Painless string scanning.
[dependencies]
unscanny = "0.1"
Basically, you'll want to use this crate if it's too much pain to solve your
problem with a bare chars()
iterator. Speaking more broadly, unscanny
is
useful in these situations:
- You need to parse simple flat grammars (dates, times, custom stuff, ...) and want an interface that's a bit more convenient to use than a simple char iterator.
- You're hand-writing a tokenizer.
The Scanner
keeps an internal cursor, allows you to peek around it, advance it
beyond chars or other patterns and easily slice substrings before and after the
cursor.
Recognizing and parsing a simple comma separated list of floats.
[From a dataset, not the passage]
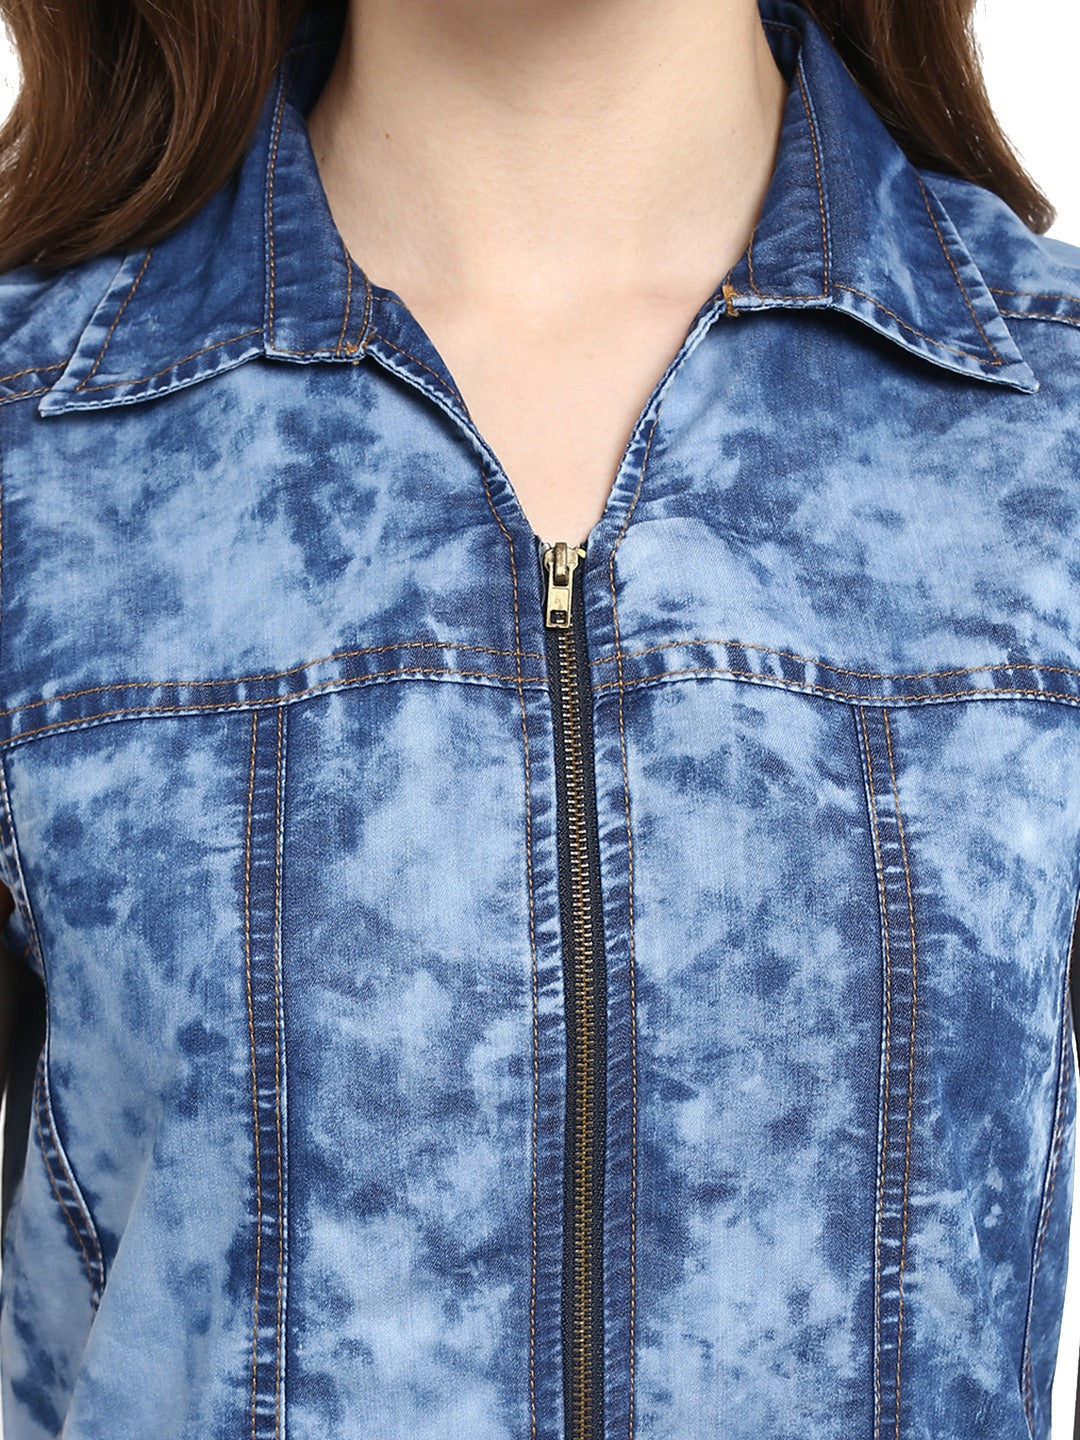 Women's  Cloud Wash Blue Zip Dress with Seam - StyleStone

let mut s = Scanner::new(" +12 , -15.3, 14.3 ");
let mut nums = vec![];
while !s.done() {
s.eat_whitespace();
let start = s.cursor();
s.eat_if(['+', '-']);
s.eat_while(char::is_ascii_digit);
s.eat_if('.');
s.eat_while(char::is_ascii_digit);
nums.push(s.from(start).parse::<f64>().unwrap());
s.eat_whitespace();
s.eat_if(',');
}
assert_eq!(nums, [12.0, -15.3, 14.3]);
This crate internally uses unsafe code for better performance. However, all unsafe code is documented with justification for why it's safe, all accesses are checked in debug mode and everything is tested.
This crate is dual-licensed under the MIT and Apache 2.0 licenses.